#### Work to be completed
An exact copy of the data is required. No picture may appear in it.

#### Exercise data

-------

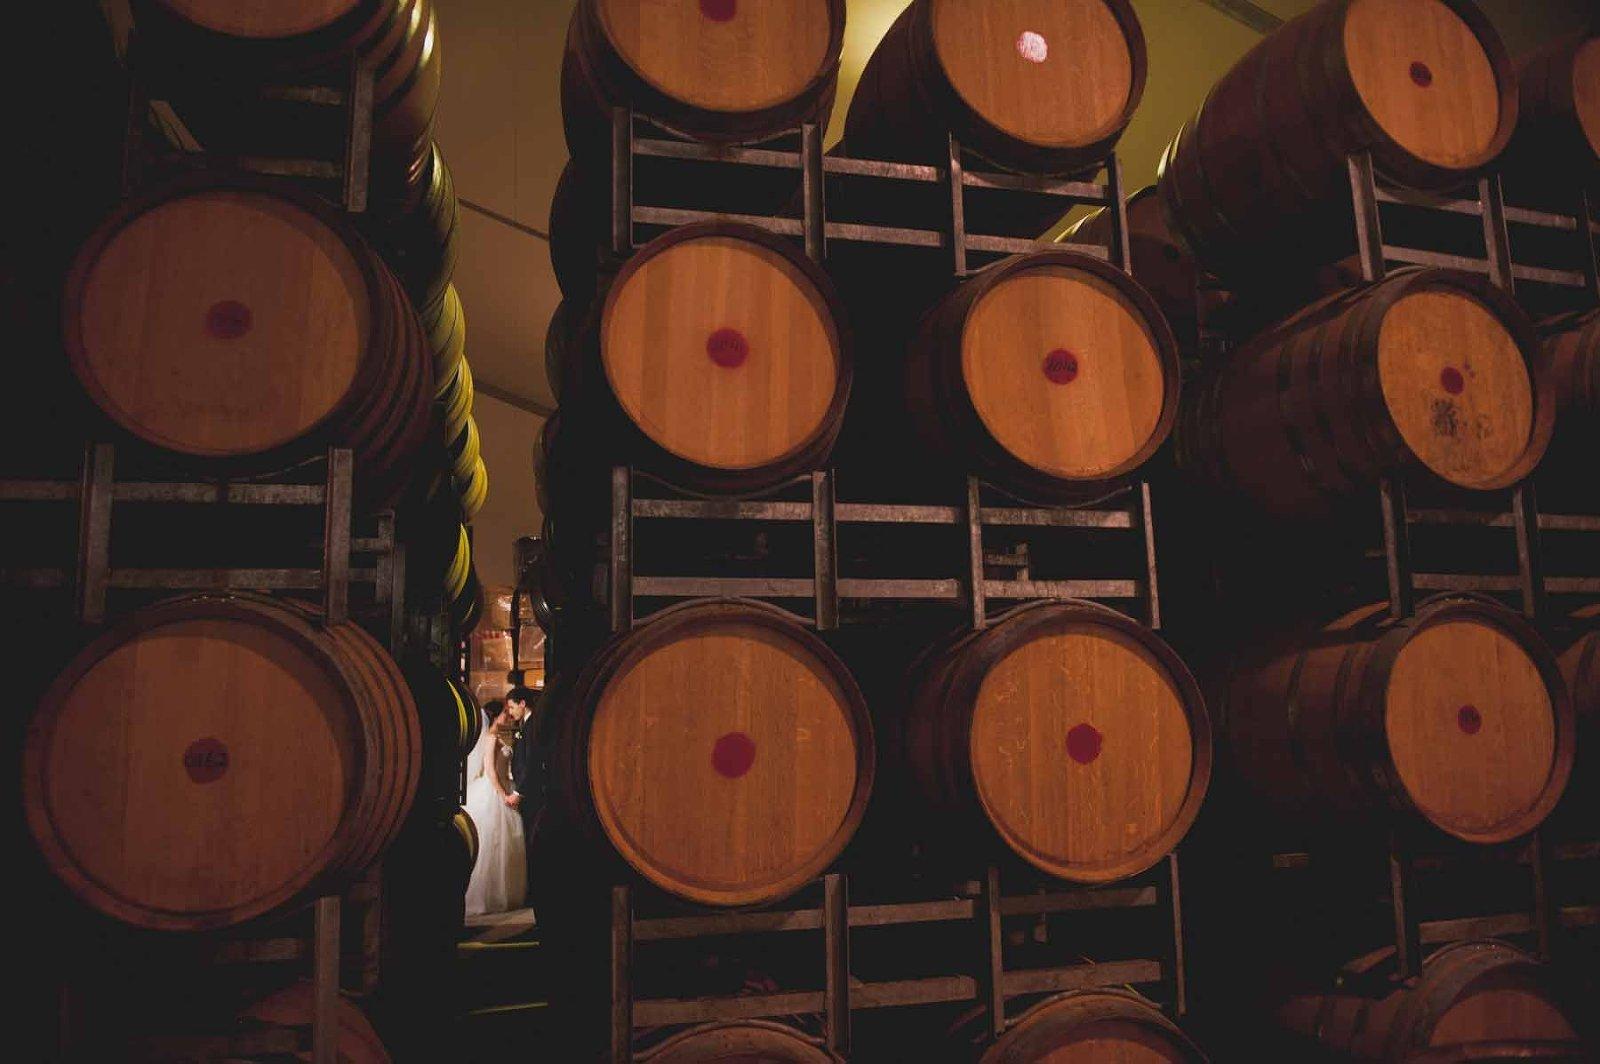 Brisbane wedding reception venue Sirromet winery - barrel room
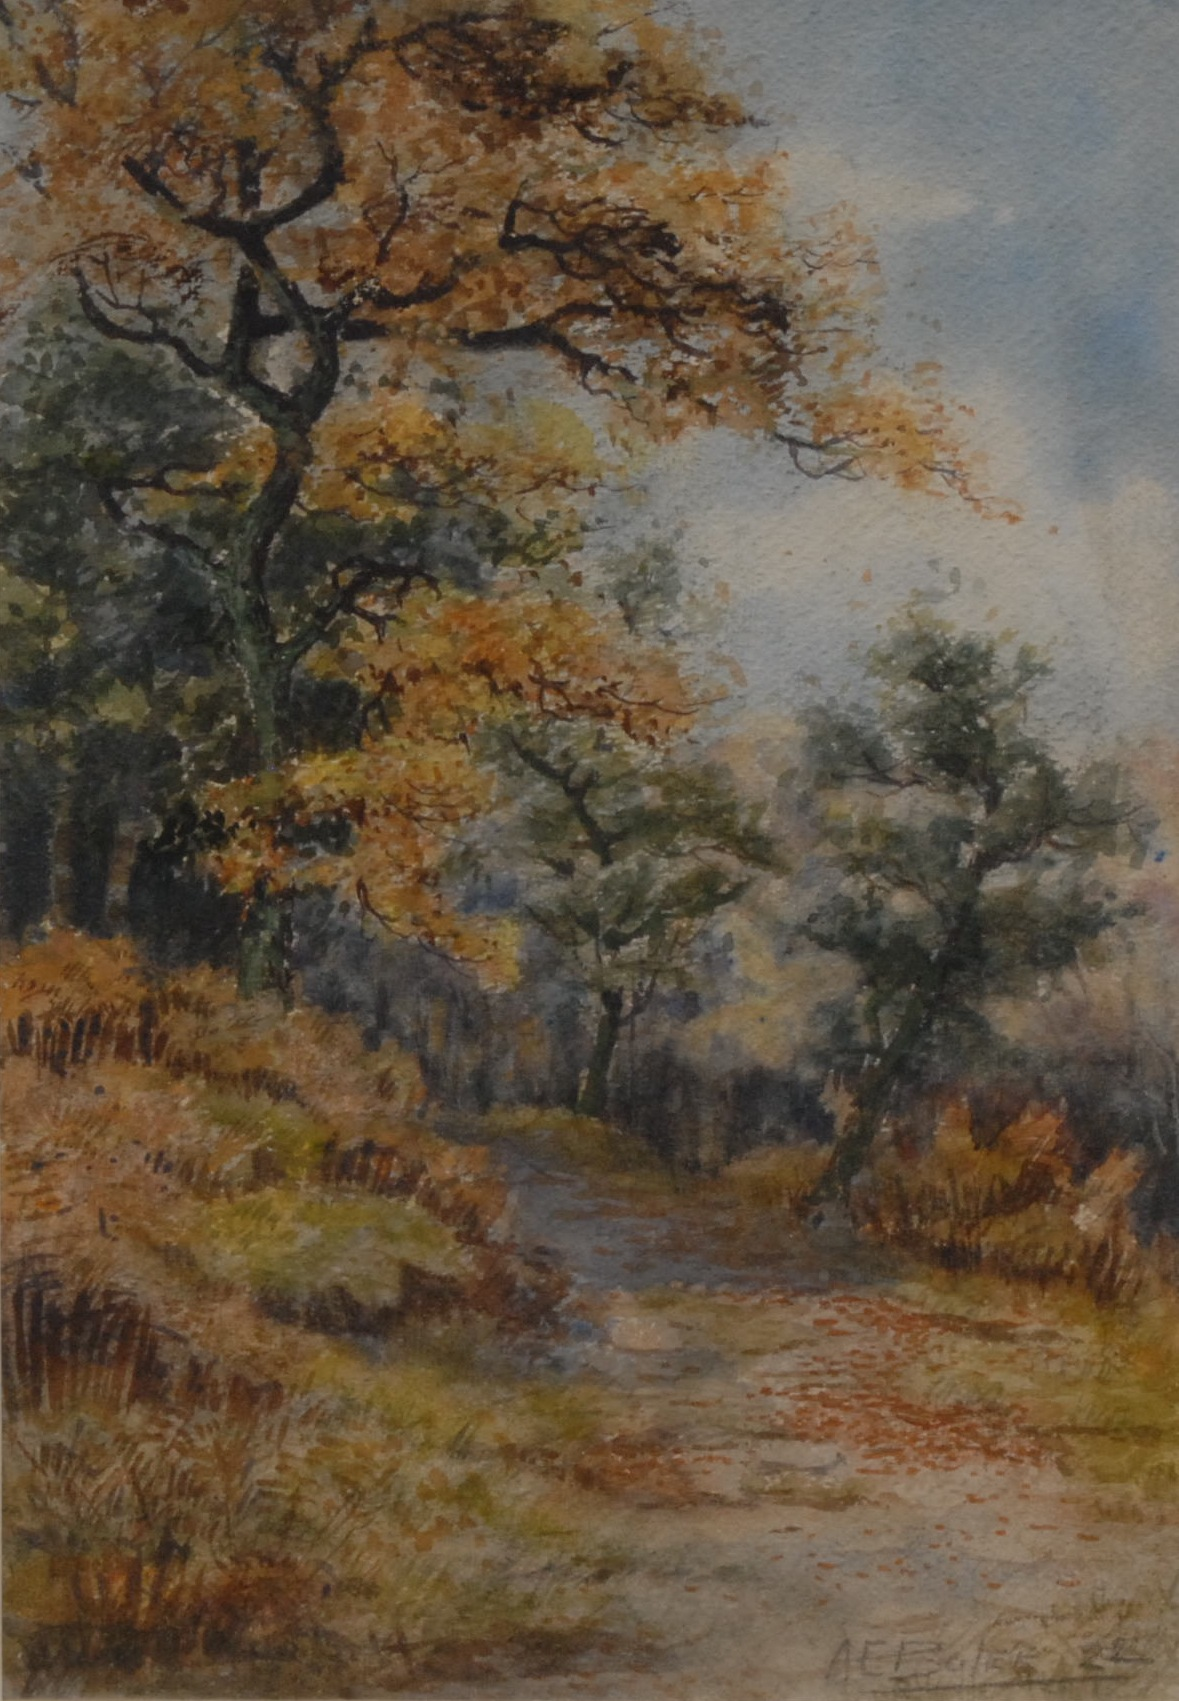 Lot 1670 - A.E. Boler (19th/20th century) Woodland Landscape signed, watercolour, 34cm x 23cm
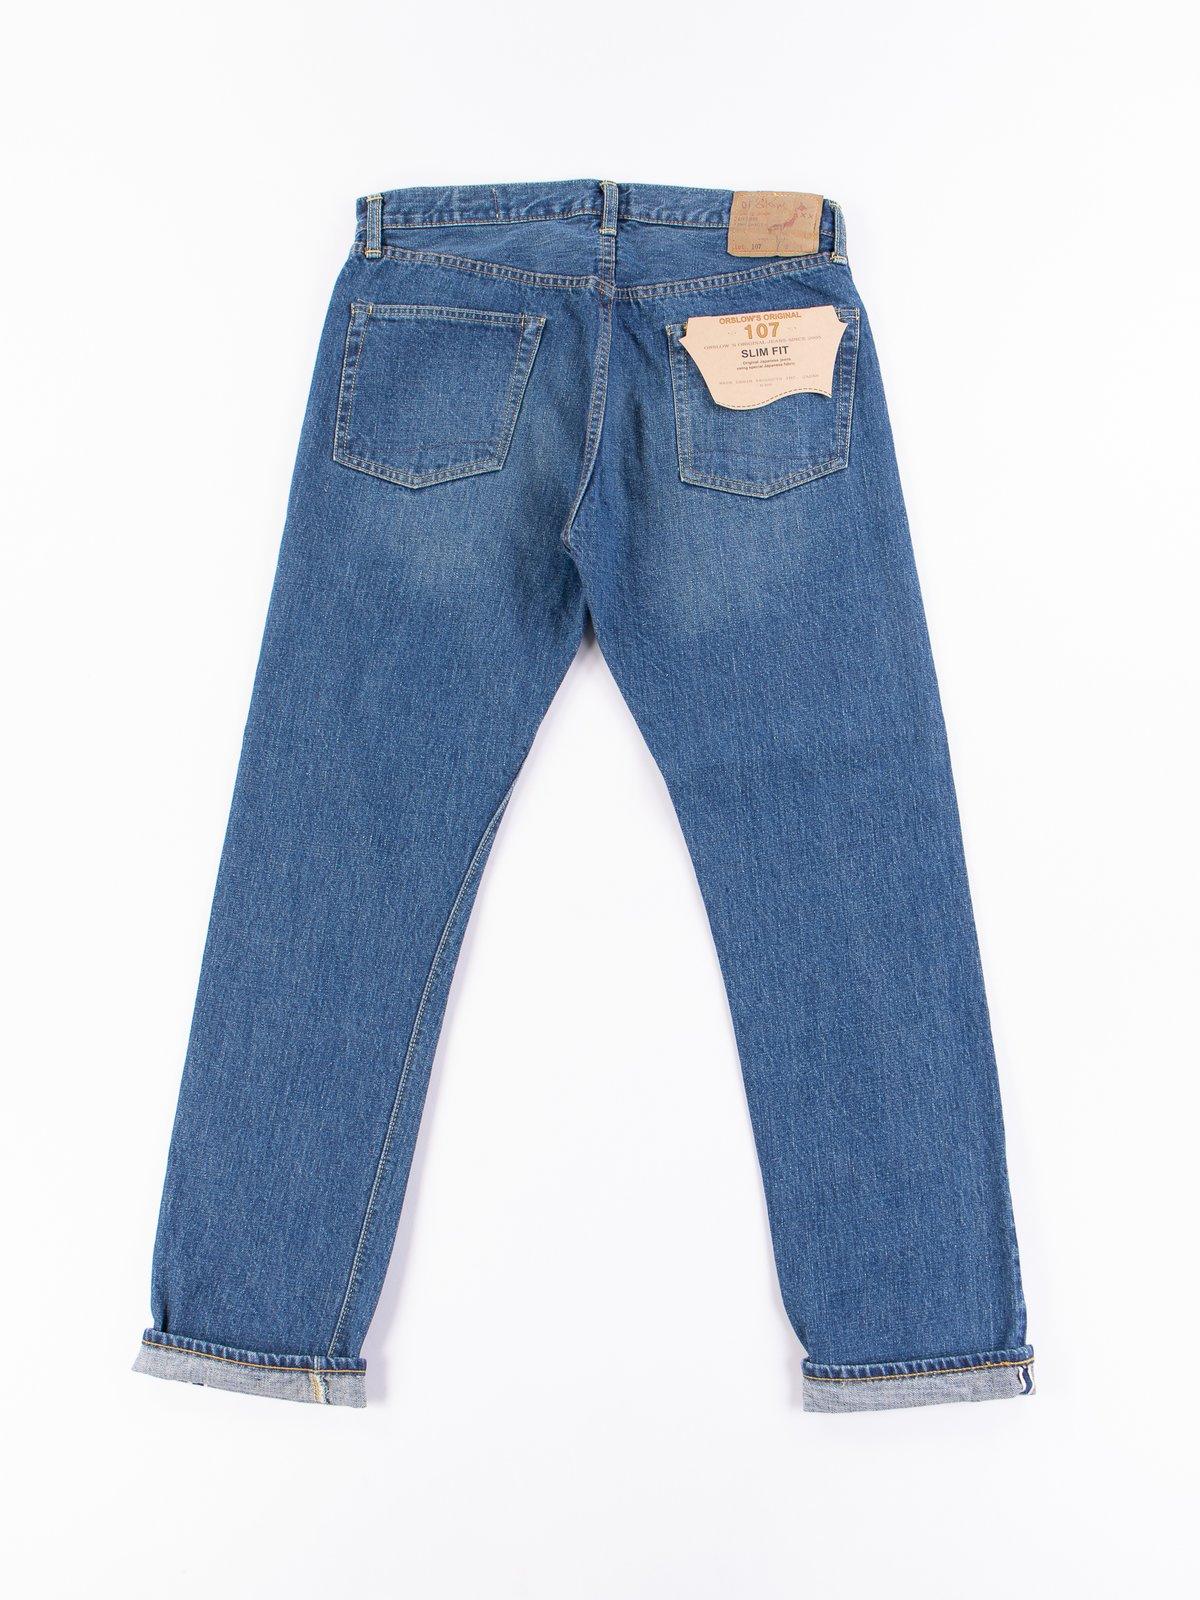 2 Year Wash 107 Slim Fit Jean - Image 8

-------

#### Output below
 Brisbane wedding reception venue Sirromet winery - barrel room
 Lot 1670 - A.E. Boler (19th/20th century) Woodland Landscape signed, watercolour, 34cm x 23cm
 2 Year Wash 107 Slim Fit Jean - Image 8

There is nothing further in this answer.